POJ-1426 Find The Multiple

Given a positive integer n, write a program to find out a nonzero multiple m of n whose decimal representation contains only the digits 0 and 1. You may assume that n is not greater than 200 and there is a corresponding m containing no more than 100 decimal digits.

Input
The input file may contain multiple test cases. Each line contains a value of n (1 <= n <= 200). A line containing a zero terminates the input.

Output
For each value of n in the input print a line containing the corresponding value of m. The decimal representation of m must not contain more than 100 digits. If there are multiple solutions for a given value of n, any one of them is acceptable.

Sample Input
2
6
19
0

Sample Output
10
100100100100100100
111111111111111111
题意
给出一个正整数n，求这个正整数n的一个倍数m，m必须满足只有0和1组成，找到离n最近的满足要求的m输出。n的值不会大于200，m的位数不会超过100位。输入数据有多组，当n为0时结束。
题解
本题用深搜（dfs）来写，通过搜索来寻找满足题意的m，搜索方向有两个方向，一个是dfs（m*10，step+1）,另外一个是dfs(m*10+1,step+1),因为m是只能由0和1构成的，当然step是从0开始的。

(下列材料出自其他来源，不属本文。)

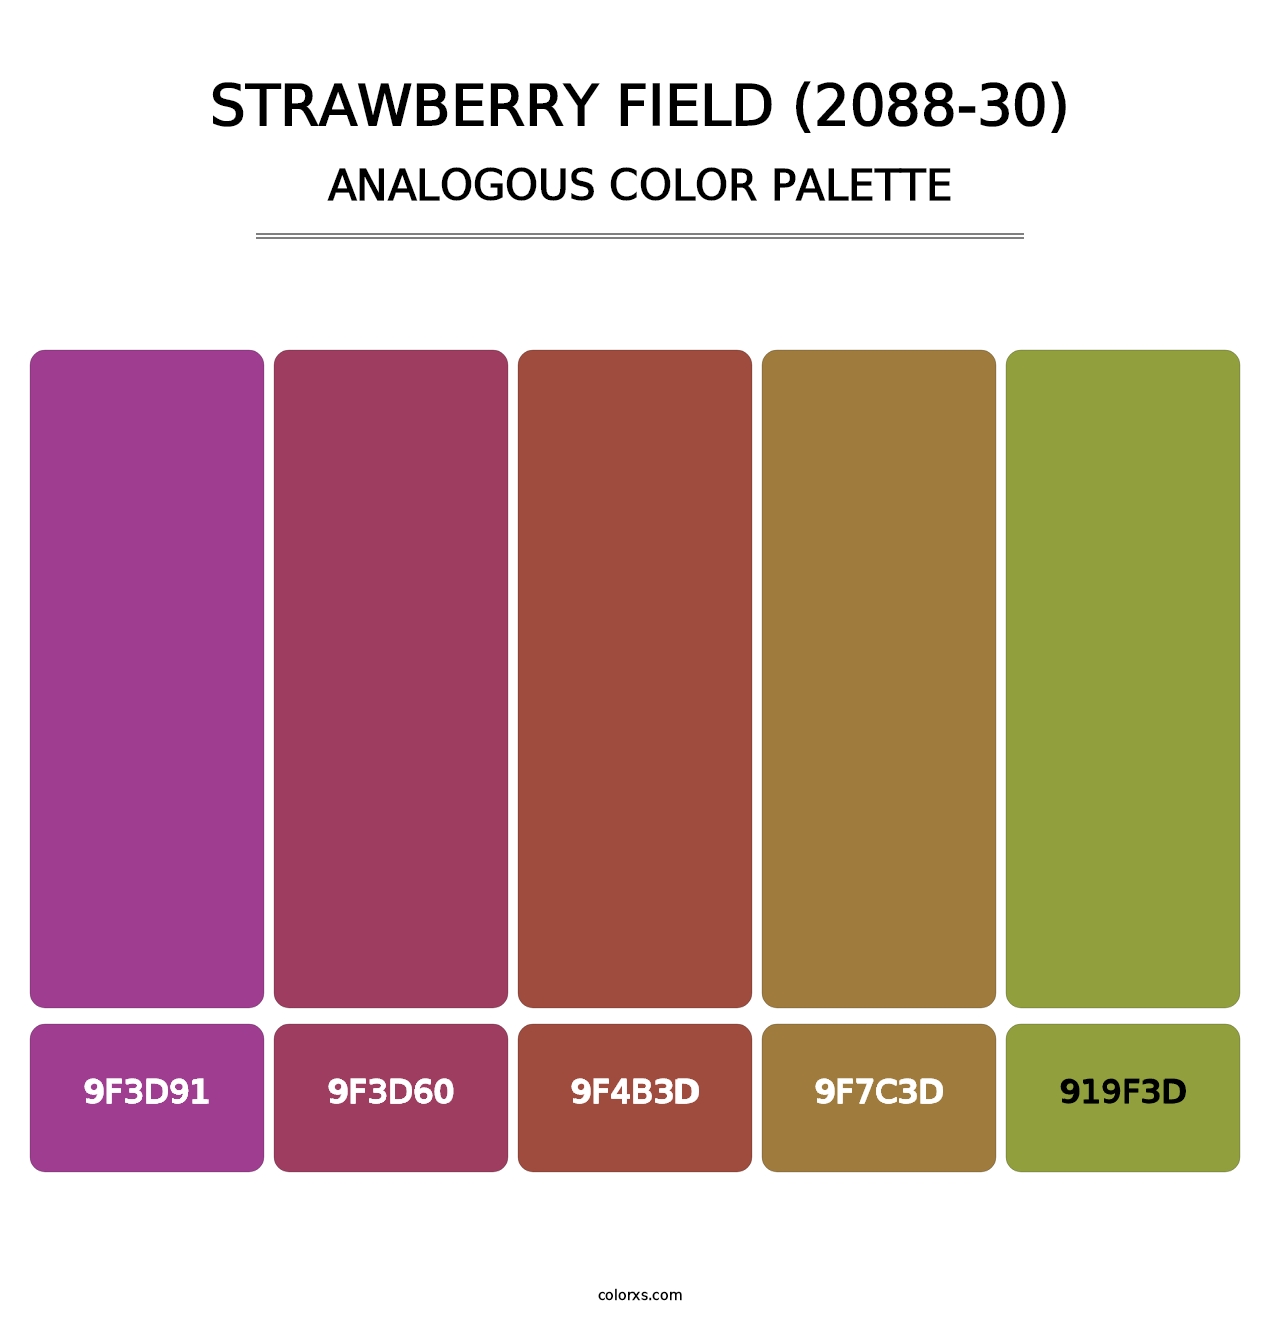 Strawberry Field (2088-30) - Analogous Color Palette

本题能用long long int 存储m，但是要注意step>18的时候必须要回溯，因为此时已经超出了long long int的存储范围。

#include<stdio.h>
#include<string.h>
int n,flag;
void dfs(long long int m,int step)
{
   if(flag==1||step>18)      //走到第十九层回溯，因为longlongint会存不下
     return ;
   if(m%n==0&&m)             //找到m并且不为0
   {
      flag=1;
      printf("%lld\n",m);
      return ;
   }
   dfs(m*10,step+1);       //搜索
   dfs(m*10+1,step+1);   //搜索
}
int main()
{
    while(scanf("%d",&n)&&n!=0)
    {
       flag=0;
       dfs(1,0);                //从1开始找n的倍数，步数为0
    }
    return 0;
}